What to do:
Required from the data below: the exact lines starting at the line containing "Vinyoles (1863-1912) Stockfoto" and ending at the line containing "Sleep by Ashley", with both ends kept and all pictures dropped.

Exercise input section start

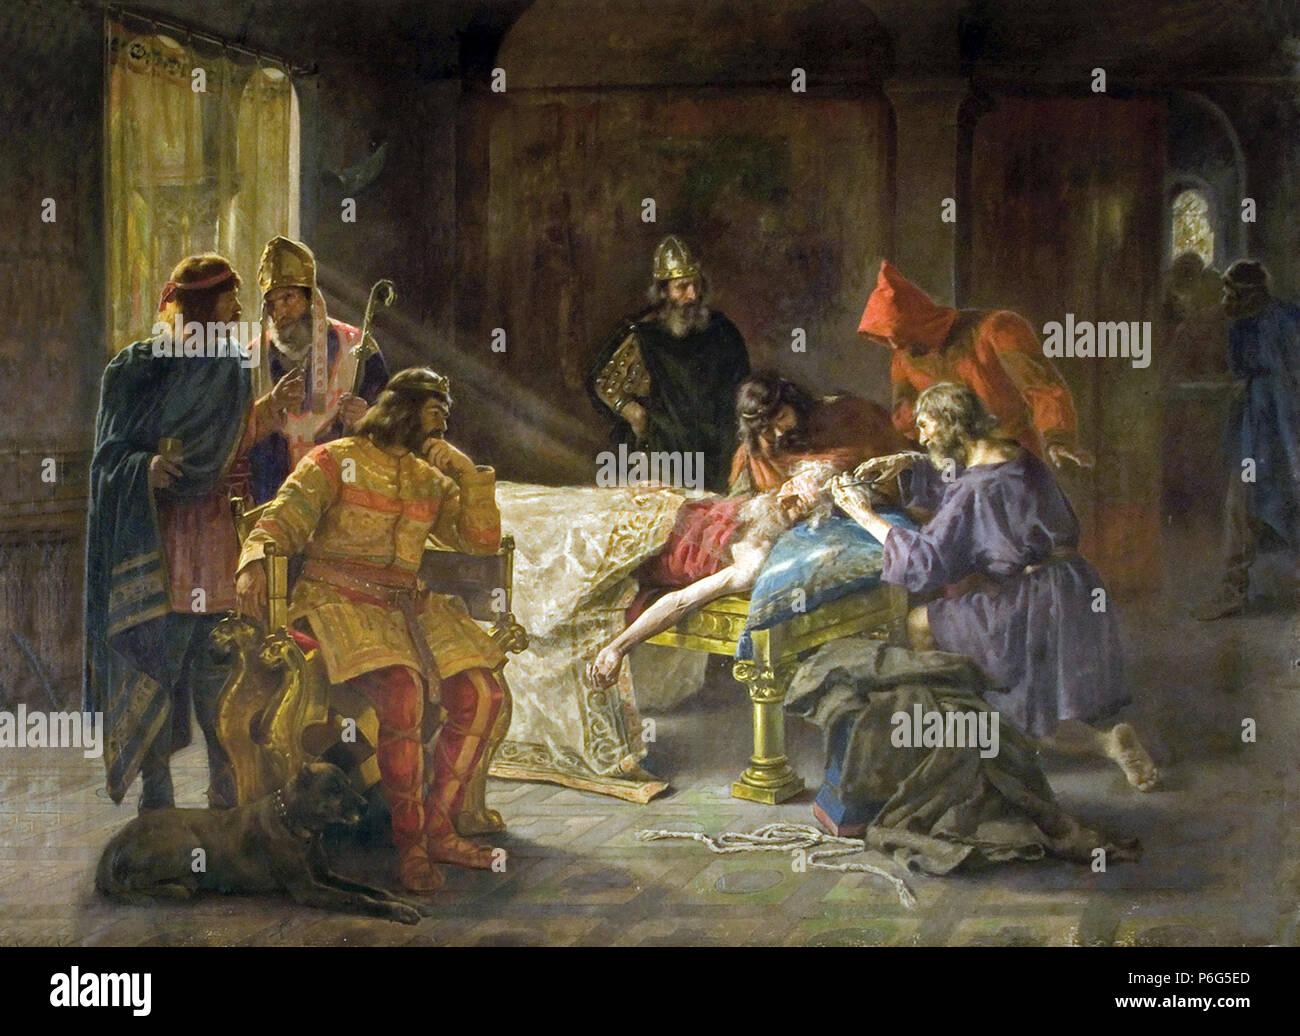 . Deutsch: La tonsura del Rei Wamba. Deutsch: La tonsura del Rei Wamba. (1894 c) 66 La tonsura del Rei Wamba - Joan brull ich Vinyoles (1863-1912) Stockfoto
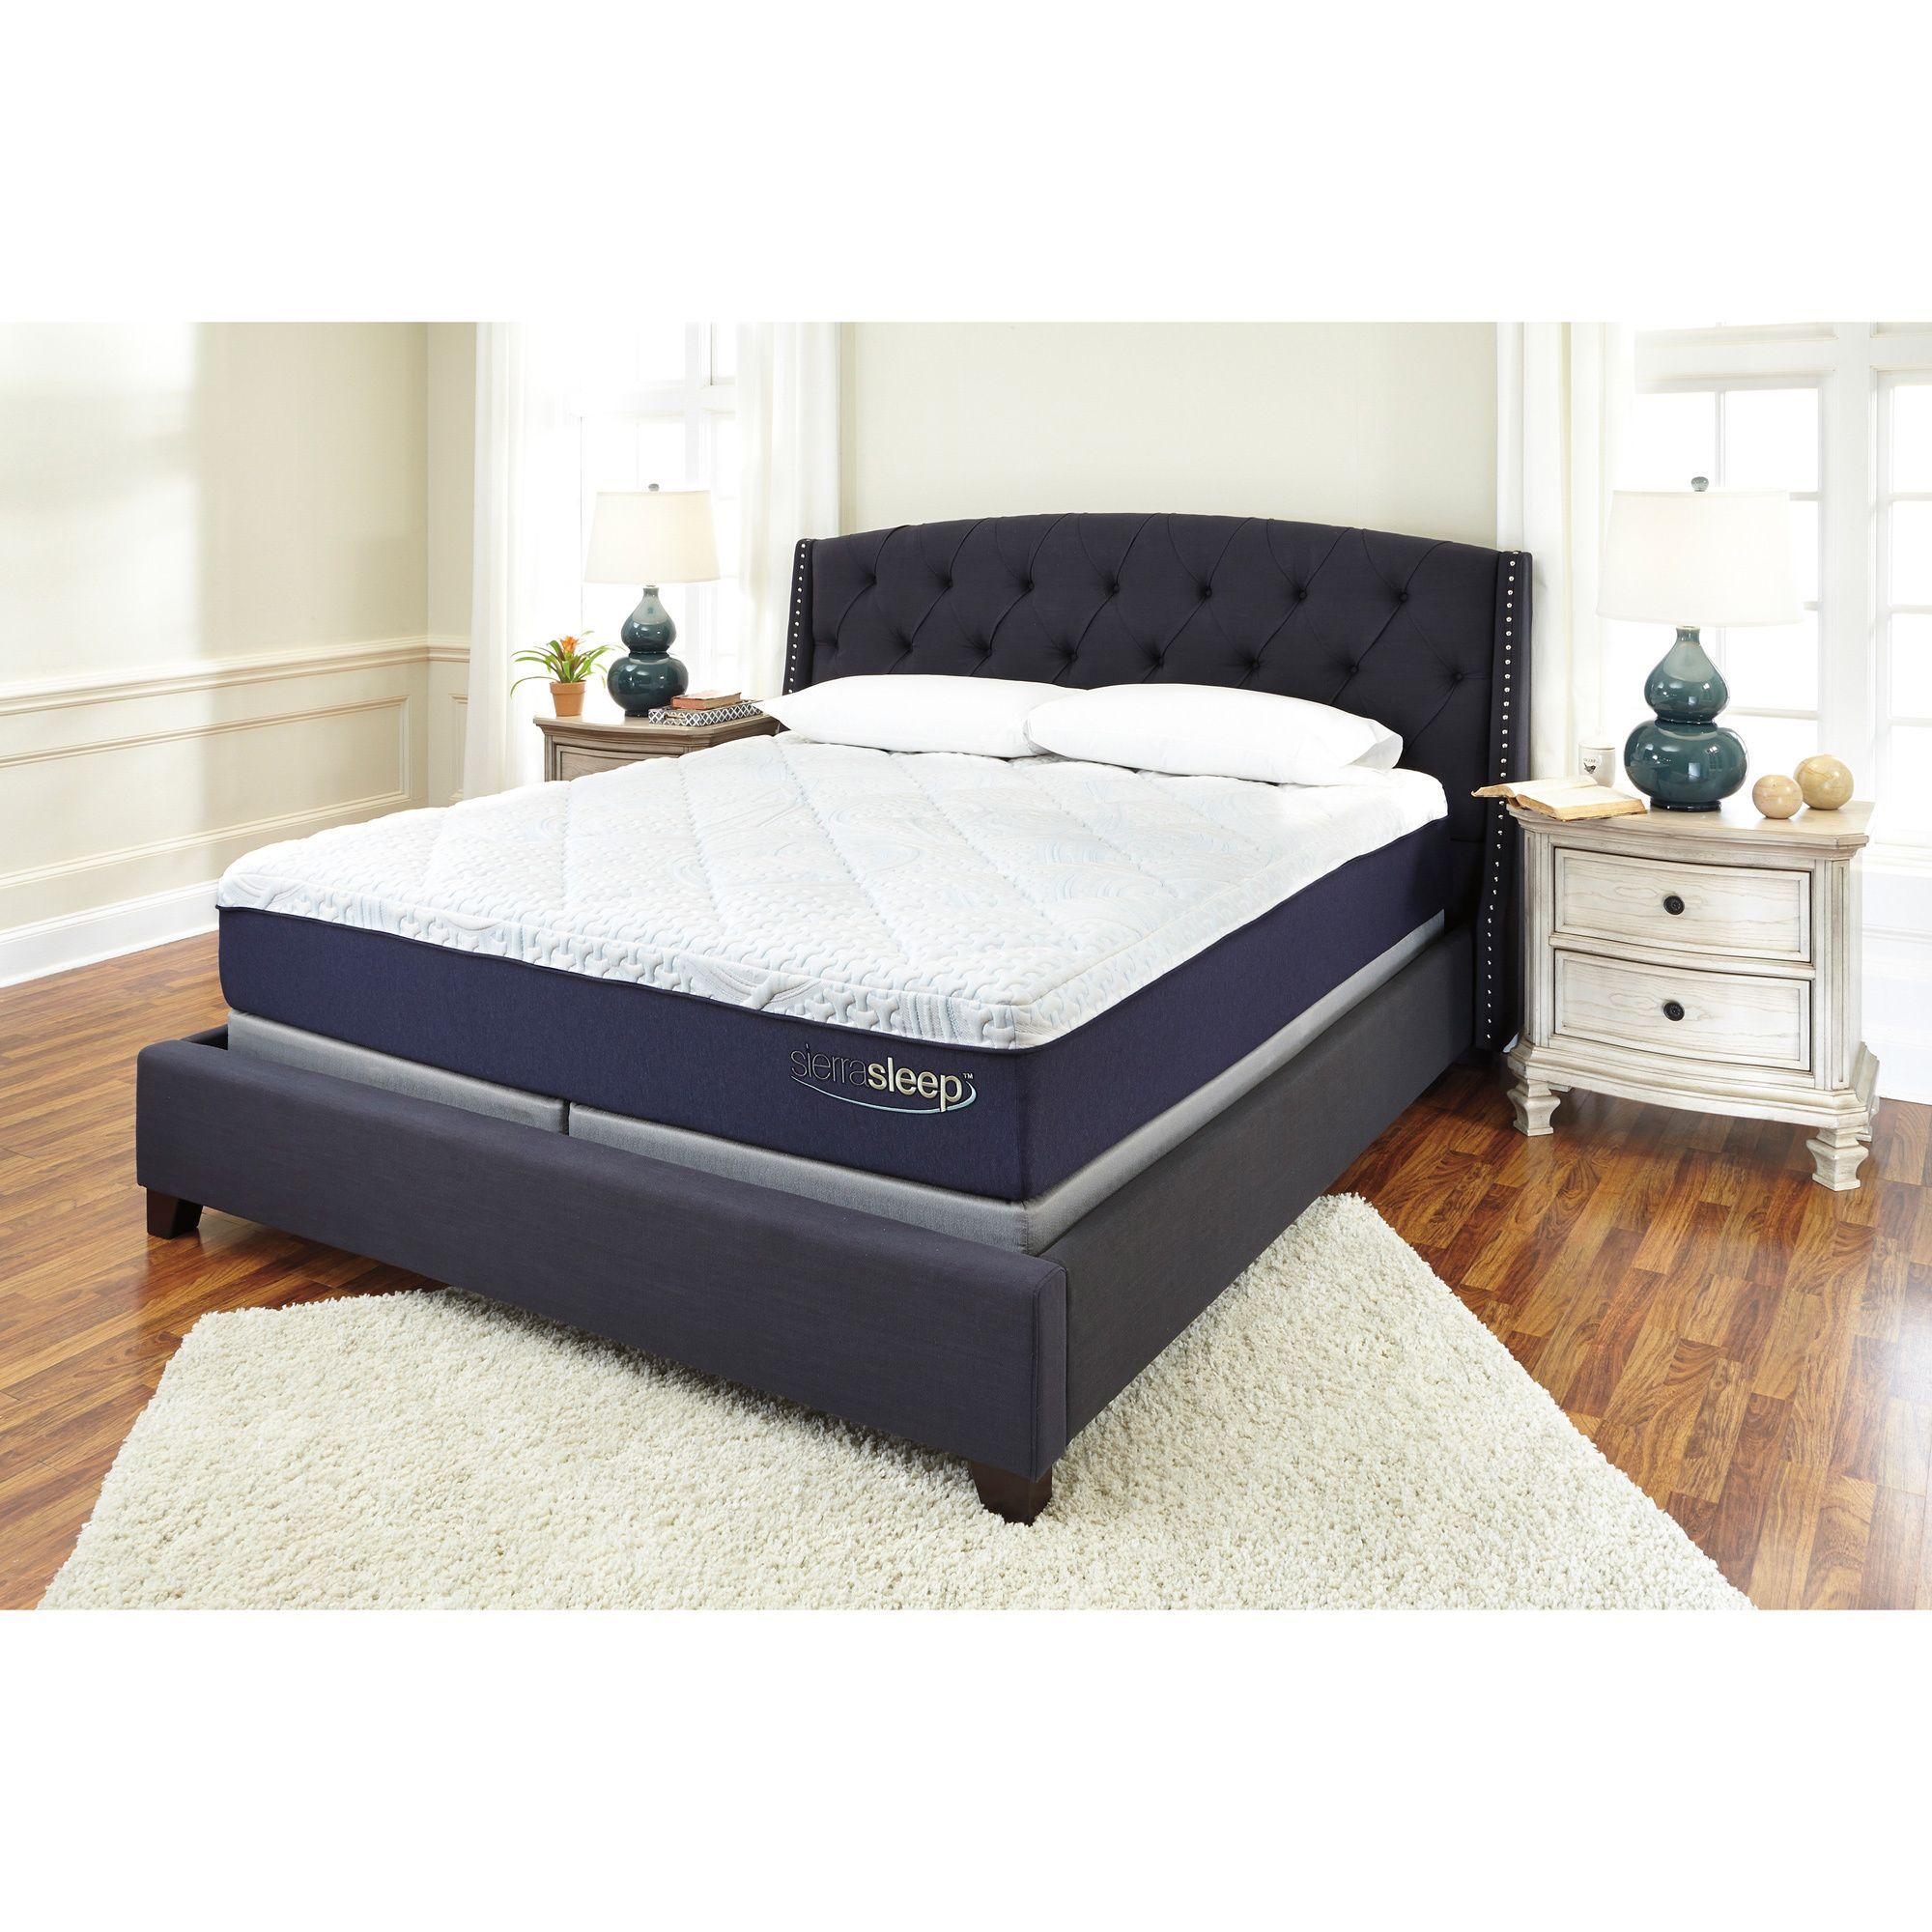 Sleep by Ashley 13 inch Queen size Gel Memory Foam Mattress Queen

Exercise input section end
Exercise input section start

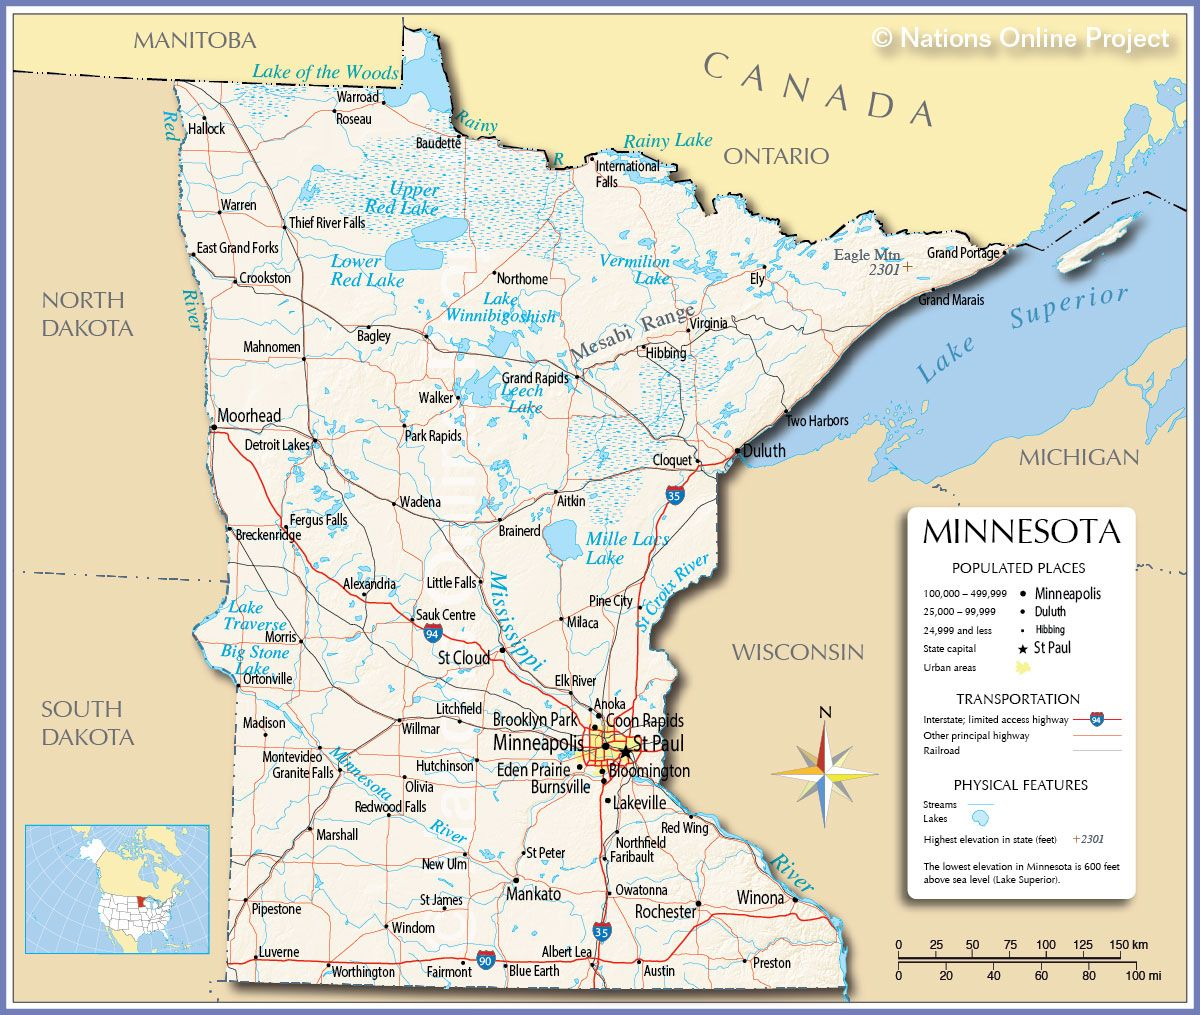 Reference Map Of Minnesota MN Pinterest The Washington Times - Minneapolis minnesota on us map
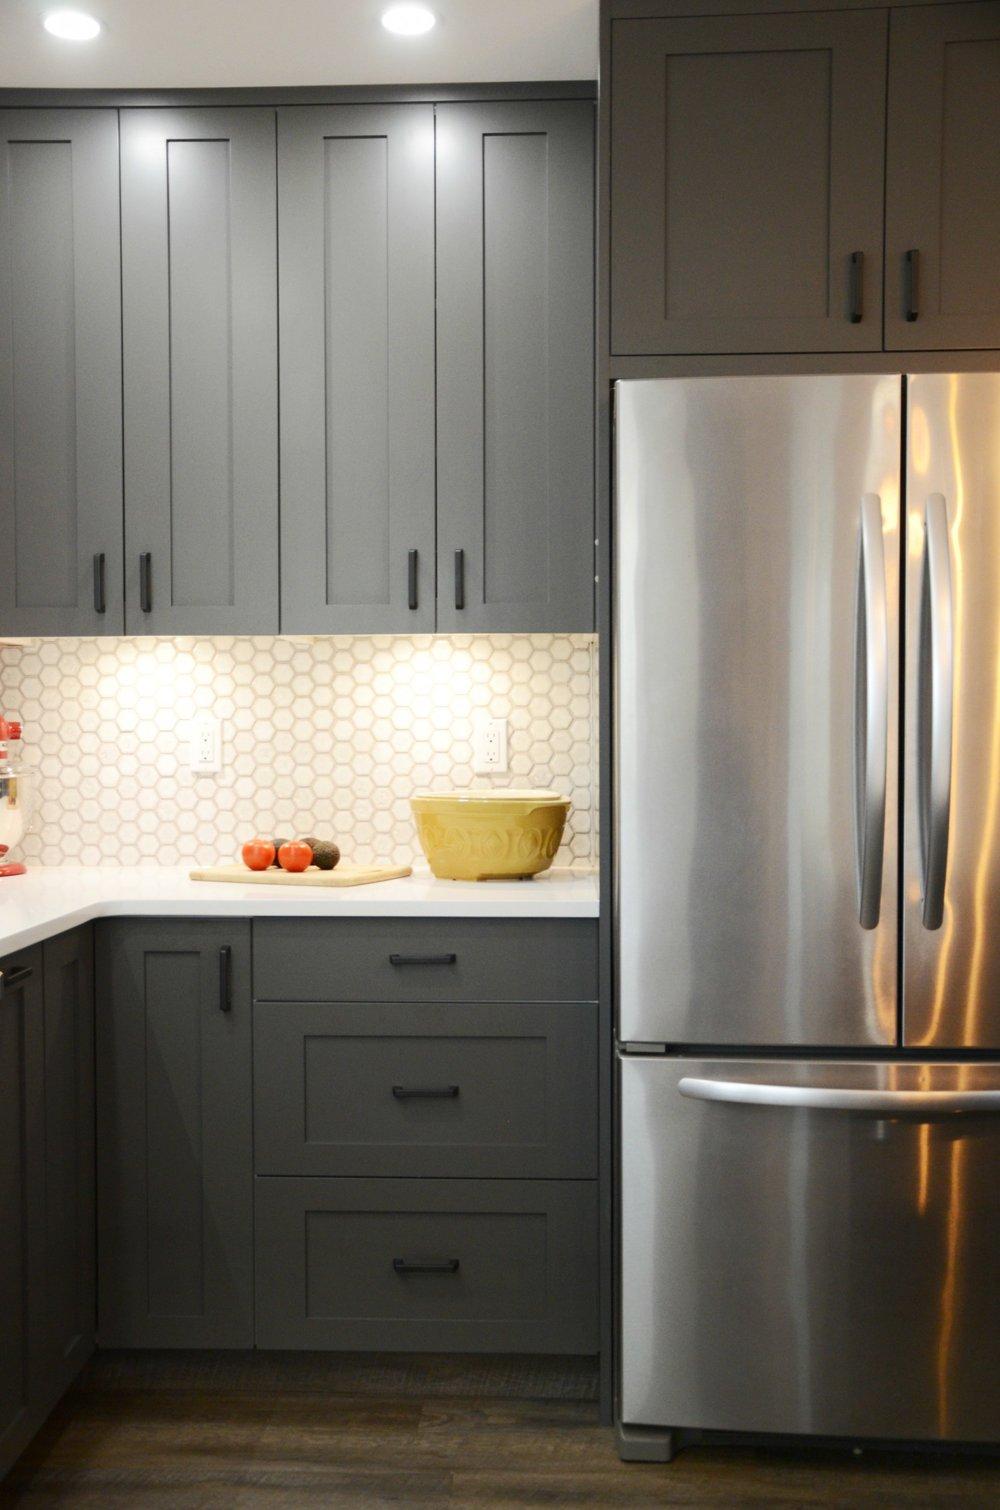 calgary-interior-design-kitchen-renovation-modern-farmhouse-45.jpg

Exercise input section end
Exercise input section start

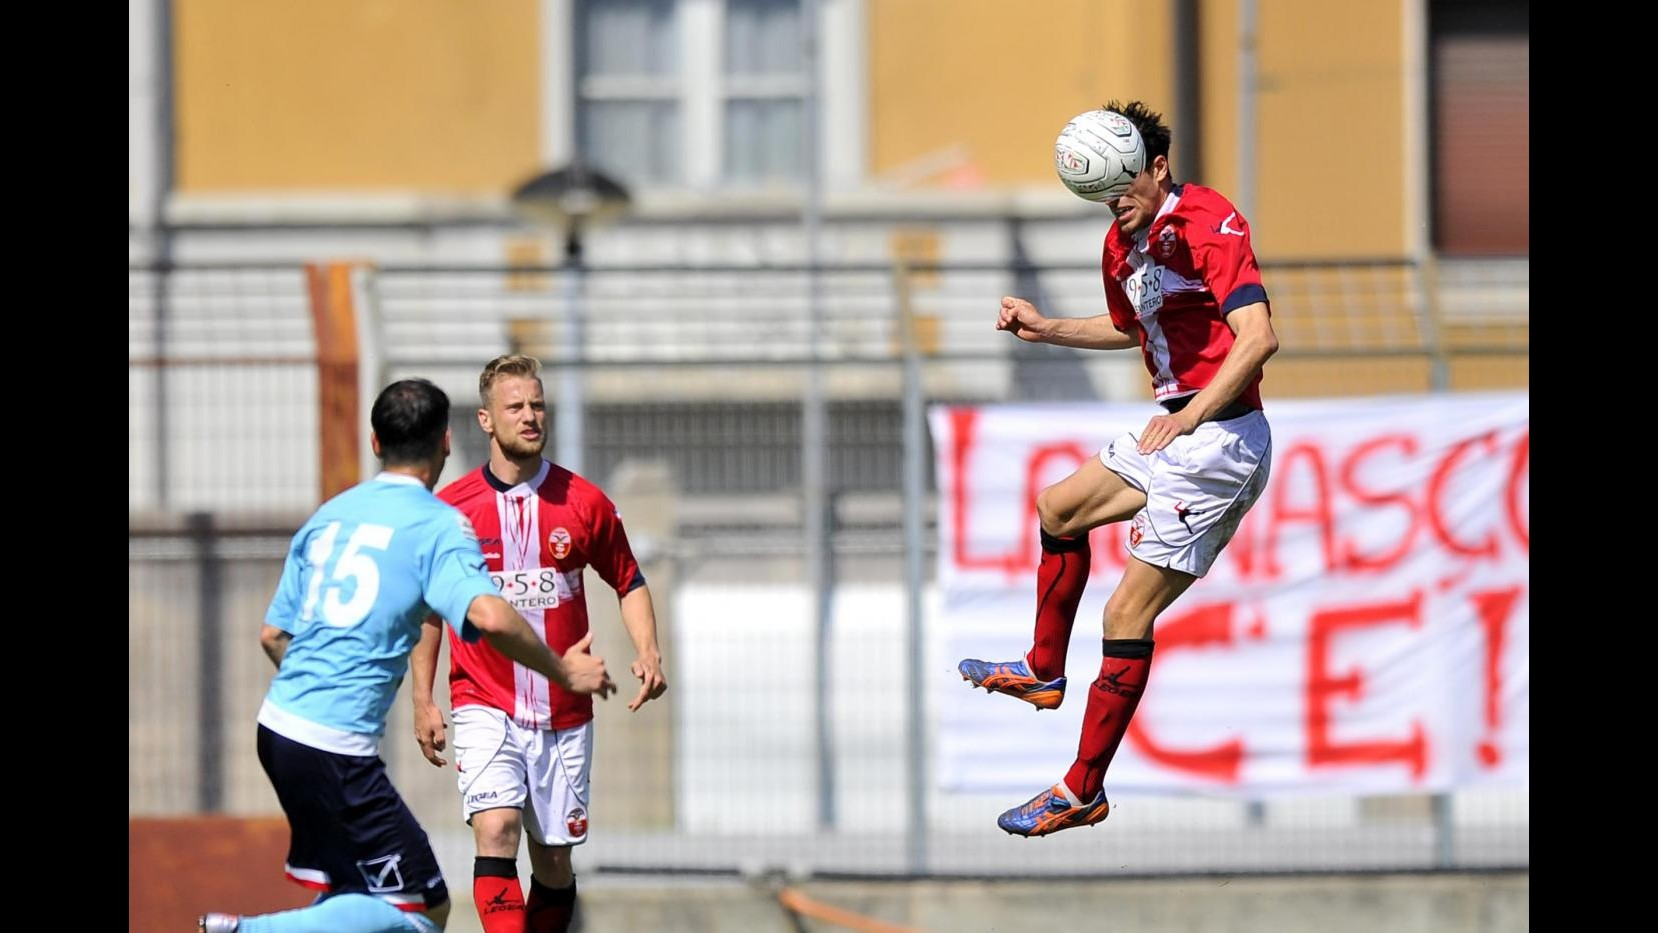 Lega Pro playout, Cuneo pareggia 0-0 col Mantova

Exercise input section end

Exercise solution:
 . Deutsch: La tonsura del Rei Wamba. Deutsch: La tonsura del Rei Wamba. (1894 c) 66 La tonsura del Rei Wamba - Joan brull ich Vinyoles (1863-1912) Stockfoto
 Sleep by Ashley 13 inch Queen size Gel Memory Foam Mattress Queen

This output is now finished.